Work required → From the line containing "Akoestische gitaar voor" to the line containing "- Deutsche Musik" in the entries below, reproduce every line exactly, ends included. Nothing else belongs in the copy, and no pictures.

Record set →
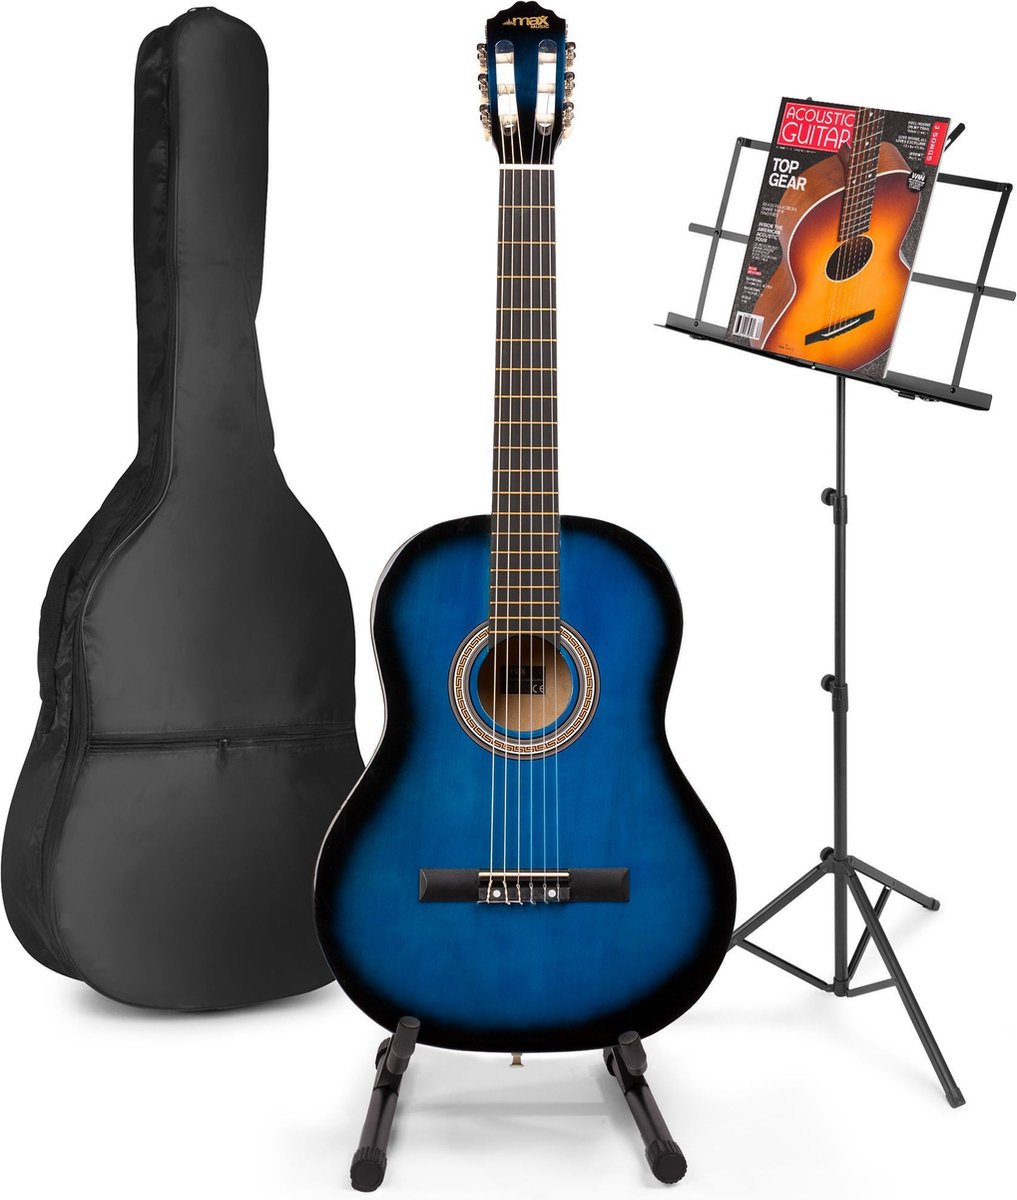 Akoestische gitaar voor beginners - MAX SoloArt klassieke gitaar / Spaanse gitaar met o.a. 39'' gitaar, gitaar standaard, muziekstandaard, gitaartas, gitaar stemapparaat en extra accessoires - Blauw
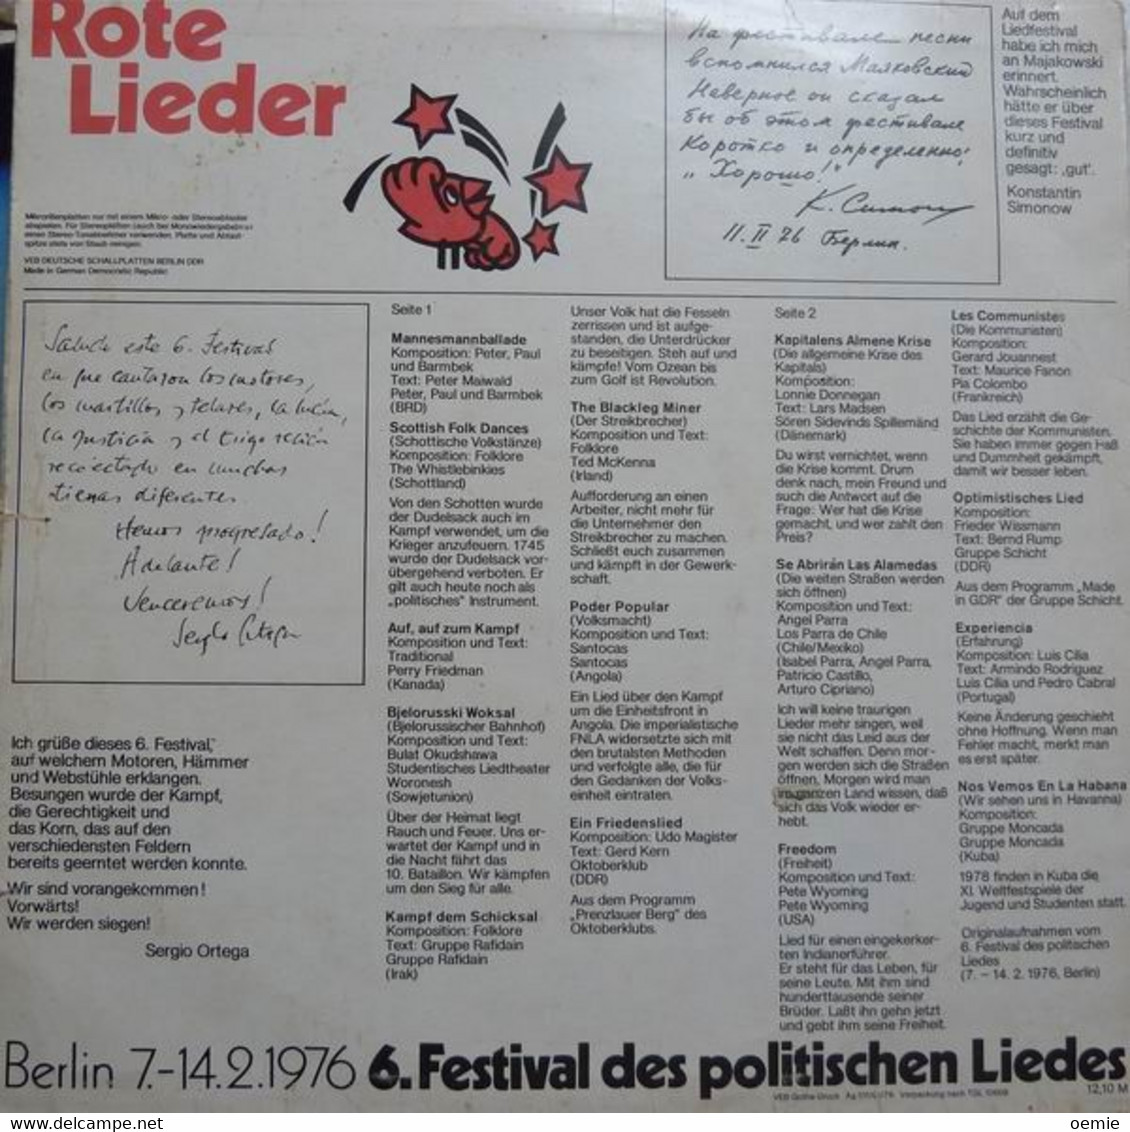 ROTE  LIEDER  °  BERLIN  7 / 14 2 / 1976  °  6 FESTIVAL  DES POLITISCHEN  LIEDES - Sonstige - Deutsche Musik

* * *

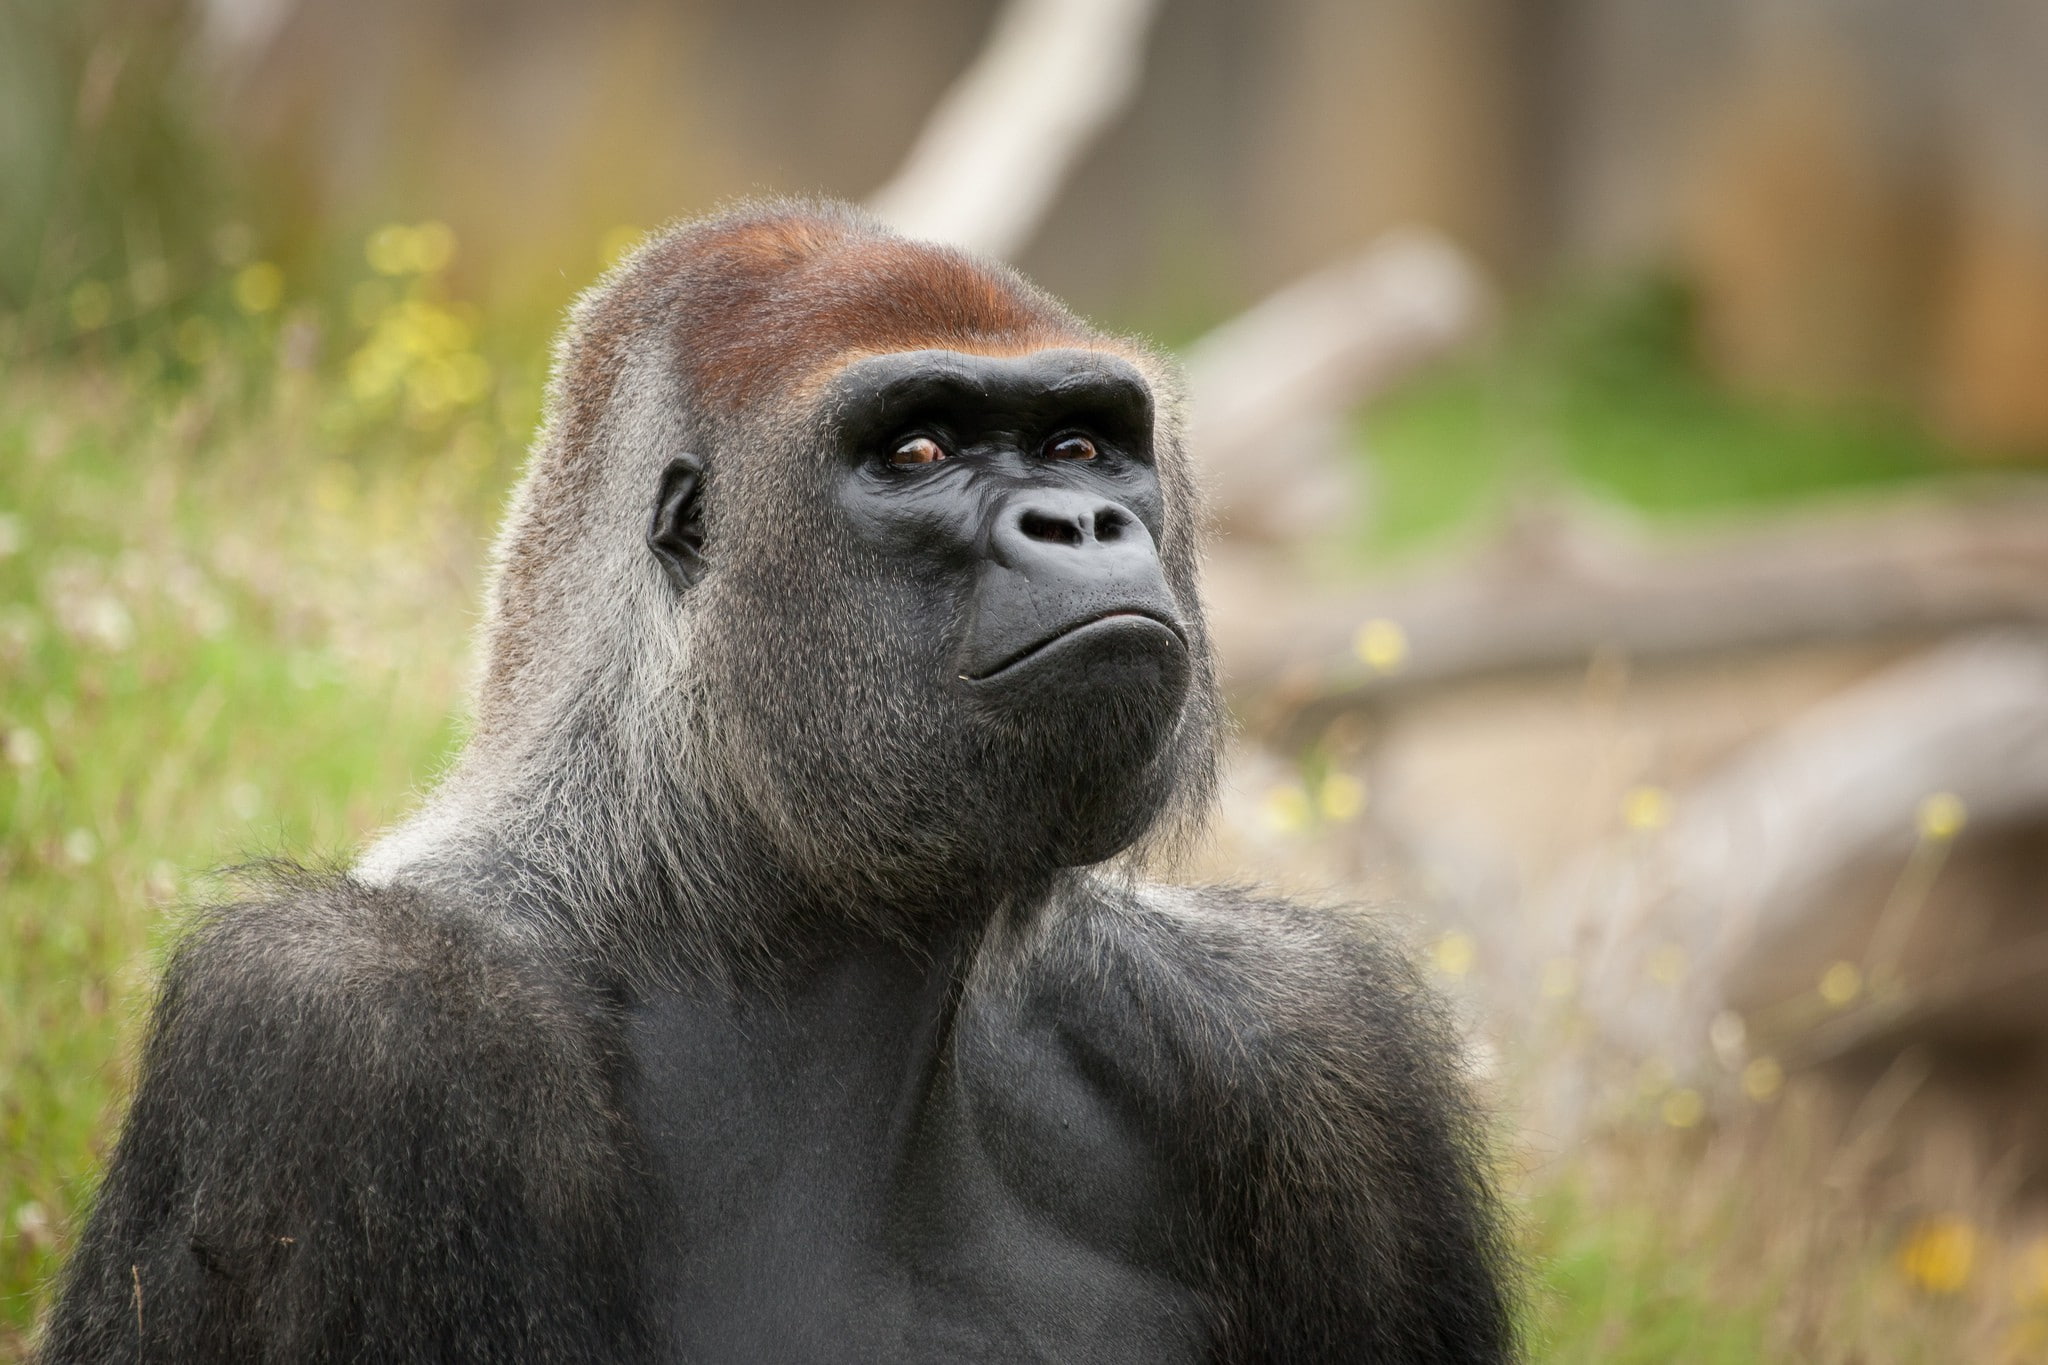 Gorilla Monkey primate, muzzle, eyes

...

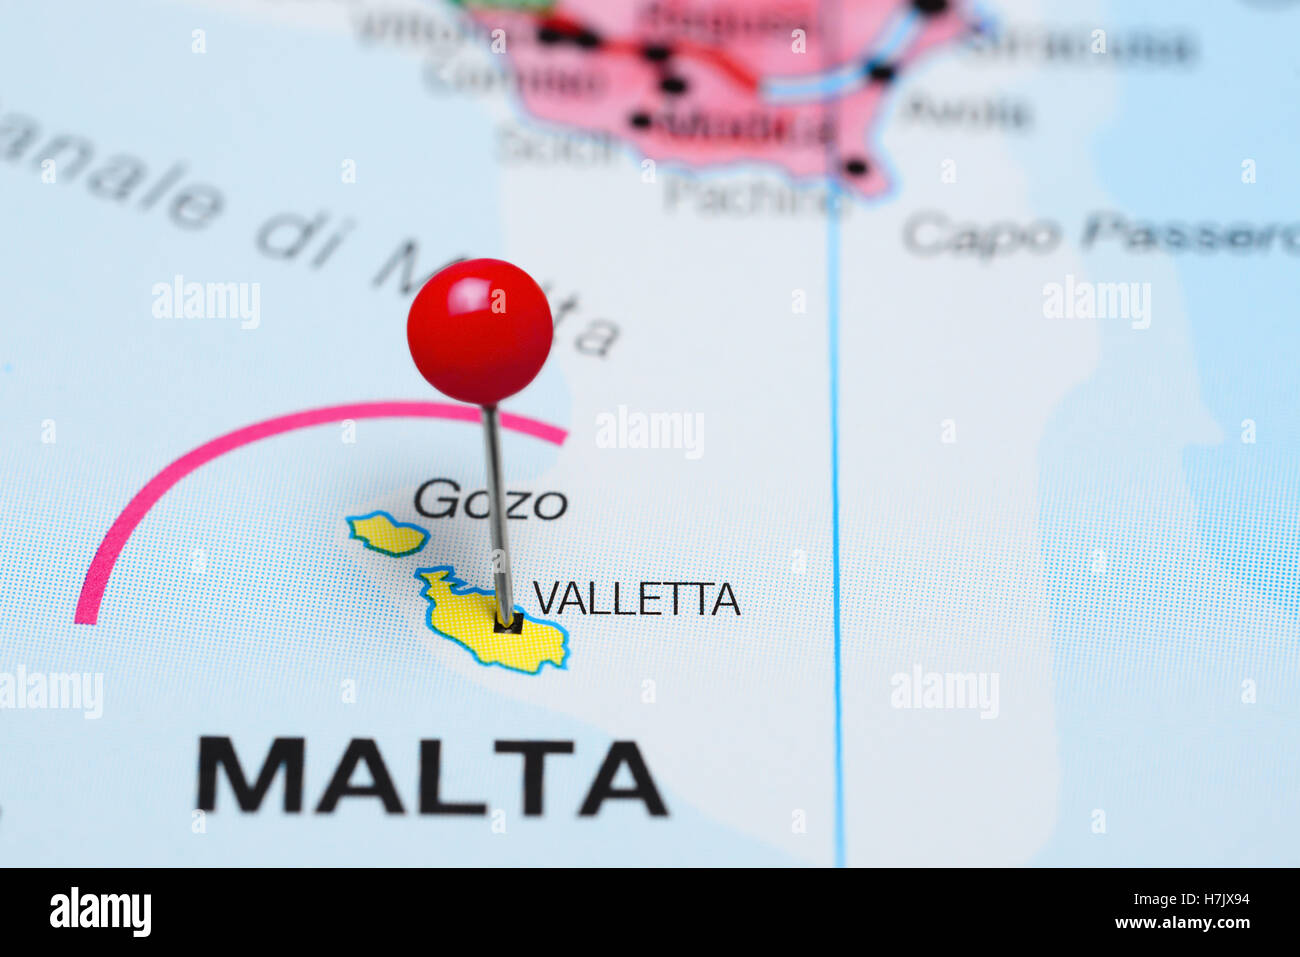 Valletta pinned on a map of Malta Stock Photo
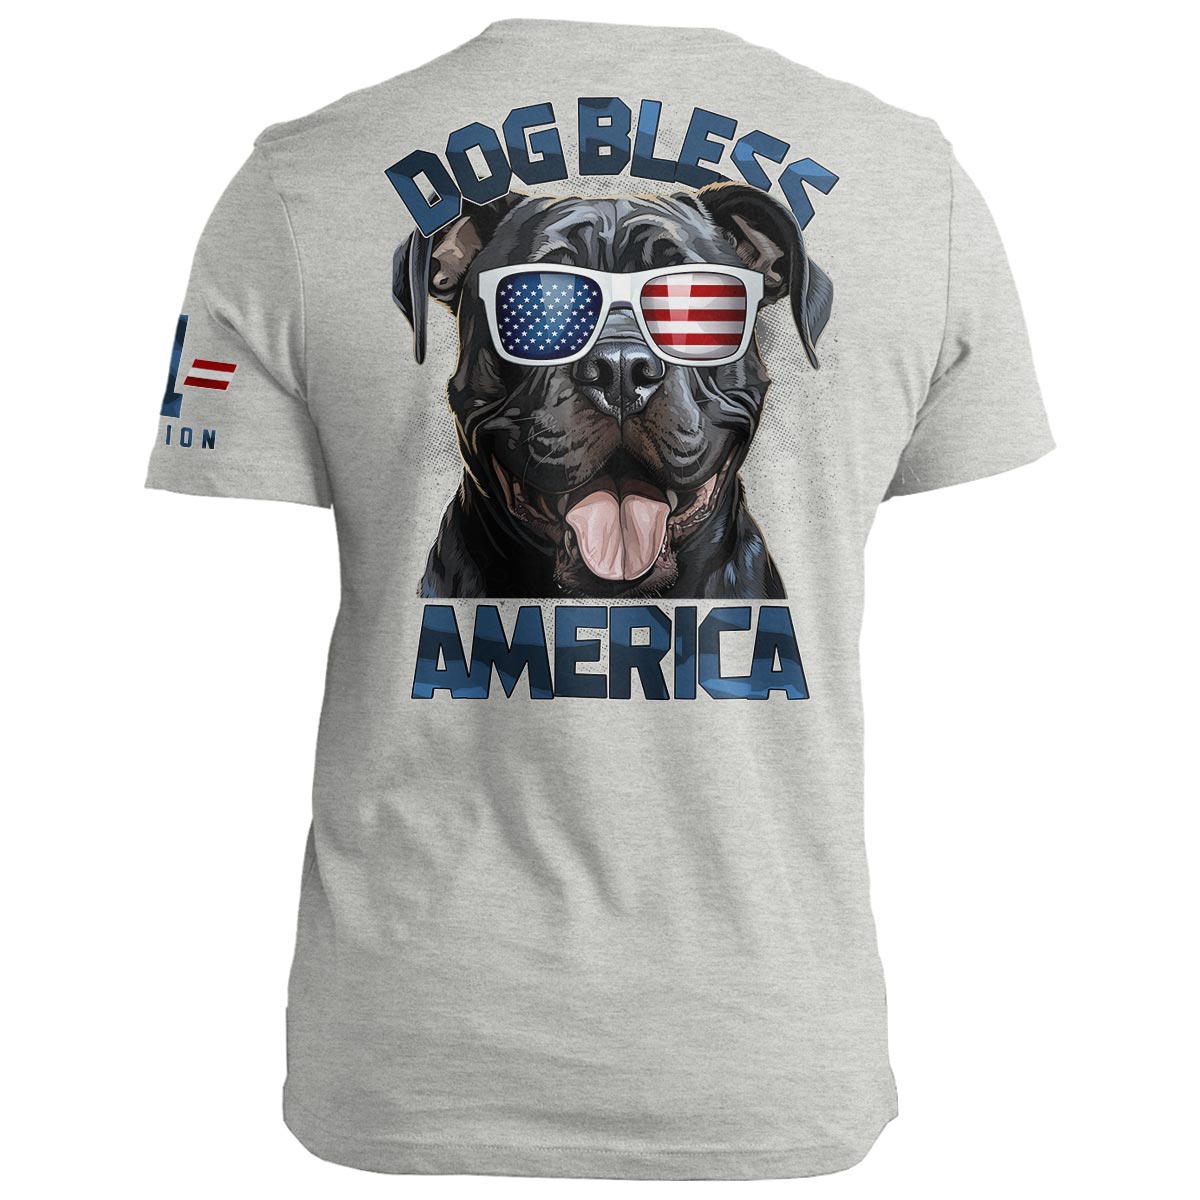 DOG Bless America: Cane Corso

Written solution →
 Akoestische gitaar voor beginners - MAX SoloArt klassieke gitaar / Spaanse gitaar met o.a. 39'' gitaar, gitaar standaard, muziekstandaard, gitaartas, gitaar stemapparaat en extra accessoires - Blauw
 ROTE  LIEDER  °  BERLIN  7 / 14 2 / 1976  °  6 FESTIVAL  DES POLITISCHEN  LIEDES - Sonstige - Deutsche Musik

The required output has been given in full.